Some root canal fillings may last a lifetime, but most will last, on average, 8-10 years. Some will last less than a year.

How do they fail? Often the tooth fails rather than the root canal filling. A tooth with a root canal filling is much more brittle and likely to crack or split. There may be a recurrent infection, or tooth decay. Some of these processes are painful, but most are not as a tooth with a root canal filling no longer has a nerve supply, therefore you are unlikely to be aware of a developing problem until it is quite advanced.

Is a root canal worth it?

Is it worth having a root canal treatment?

The answer is always case specific. If you have many healthy teeth, and just one tooth needs a root canal treatment, assuming the tooth is not important for chewing and not visible so that it is not an aesthetic issue, then perhaps the tooth can be removed (this is the only alternative to having a root canal filling), and may be replaced with an implant or a bridge. On the other hand, if you already have missing teeth, or other teeth are generally not in a good condition it may be very important to preserve that particular tooth.

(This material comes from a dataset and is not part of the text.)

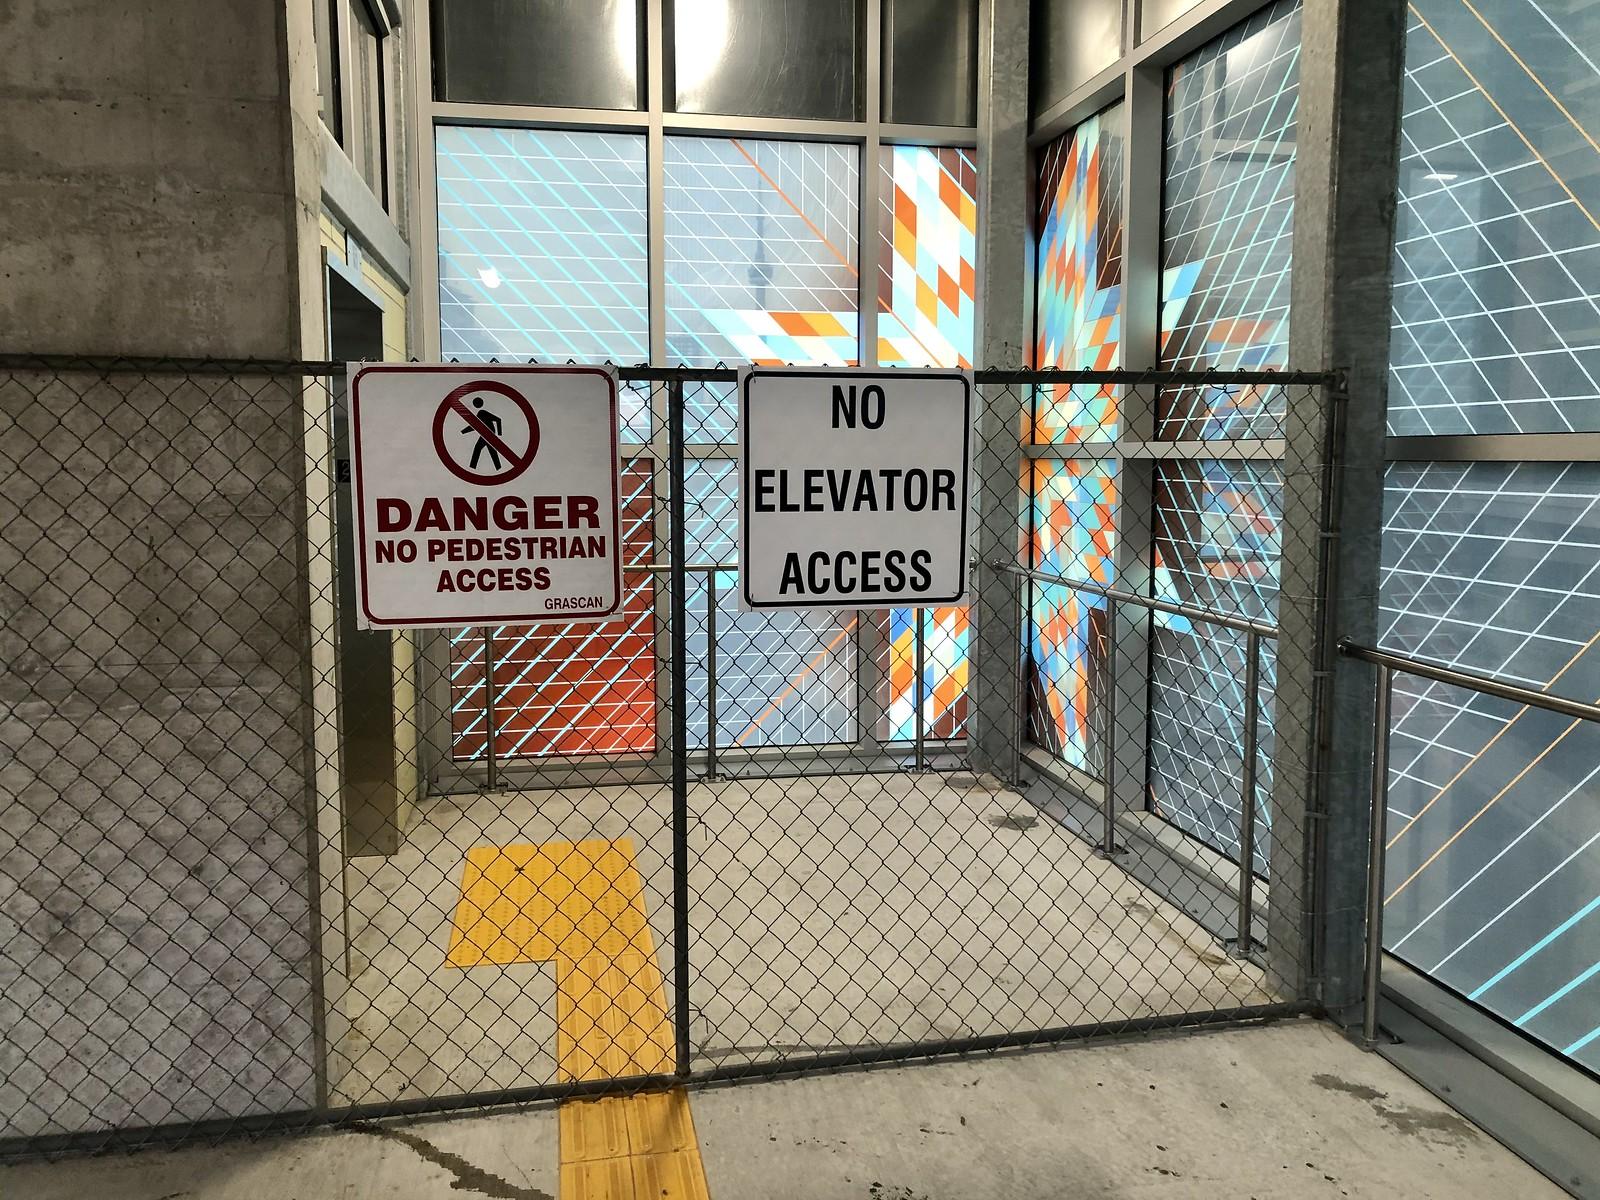 No Elevator Access

Dental implants are much more common place these days, however there can be complications with implant also, therefore it is often recommended to try to maintain natural teeth for as long as possible.

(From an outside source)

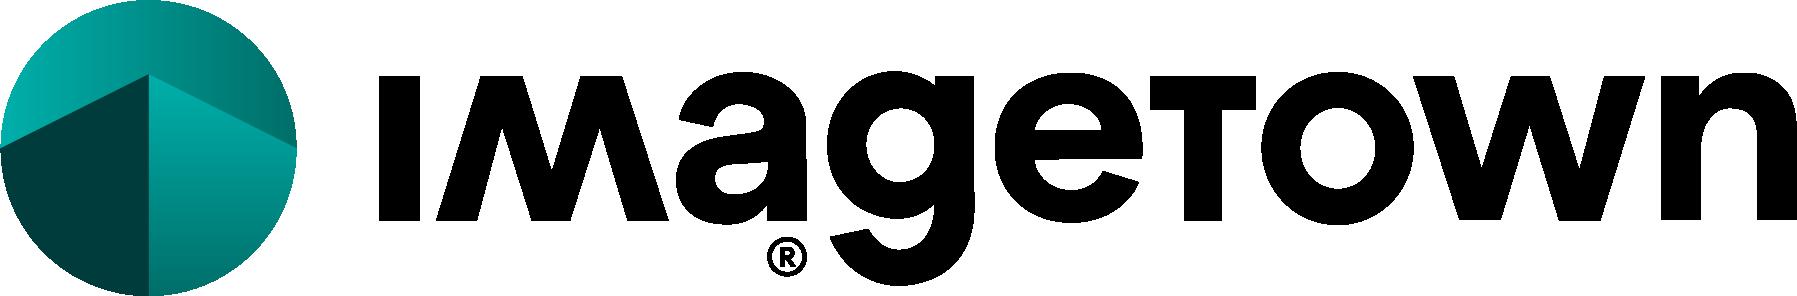 IMAGETOWN GmbH

Once the tooth is no longer viable, or the root filling is too complex or other issues have arisen as a result of the infection, then it may be more time and cost efficient to remove the tooth and plan out a next phase - replacing teeth. Sometimes an investigator process is needed to determine whether the tooth can be restored, or fixed in a predictable way, ie there is a good chance of medium or long term survival. This is always a discussion that should take place with a dentist who has knowledge of all the outcomes and options.

How long does it take to recover from a root canal?

Beyond the initial discomfort detailed above, there is little to no recovery time.

Generally speaking, the day of the treatment is probably not a good time to be making major decisions, though you can drive and operate machinery as usual.

Playing sport is not a good idea if you are still numb, and while the anaesthetic is in effect, care should be taken when eating or drinking, especially with hot drinks.

Occasionally, antibiotics will be prescribed, and in some cases alcohol must not be consumed with the antibiotics, otherwise drinking alcohol (sensibly!) is fine too.

Can you have a root canal when pregnant?

Root canal treatments can be completed at any time during pregnancy.

A careful assessment has to be made of that particular person’s needs, and the risks, and a decision can then be made.

If there is infection, or pain, or both, clearly this will need to be dealt with as soon as possible as the risks to mother and baby are higher than if the problem is left untreated.


Root canal treatments are usually a painless way to remove infection and preserve teeth. They are part of a process of restoring a tooth and other treatments and fillings will be needed to maintain the tooth in a healthy and viable condition.

Root canal treatments may also be important in allowing broken down teeth to be built up again, and allow aesthetic treatments, such as internal tooth whitening, to be undertaken.

Root canal treatments provide pain relief for teeth that are slightly or severely painful - it is a shame root canal treatments have such a bad reputation as rather than cause pain, they actually provide pain relief!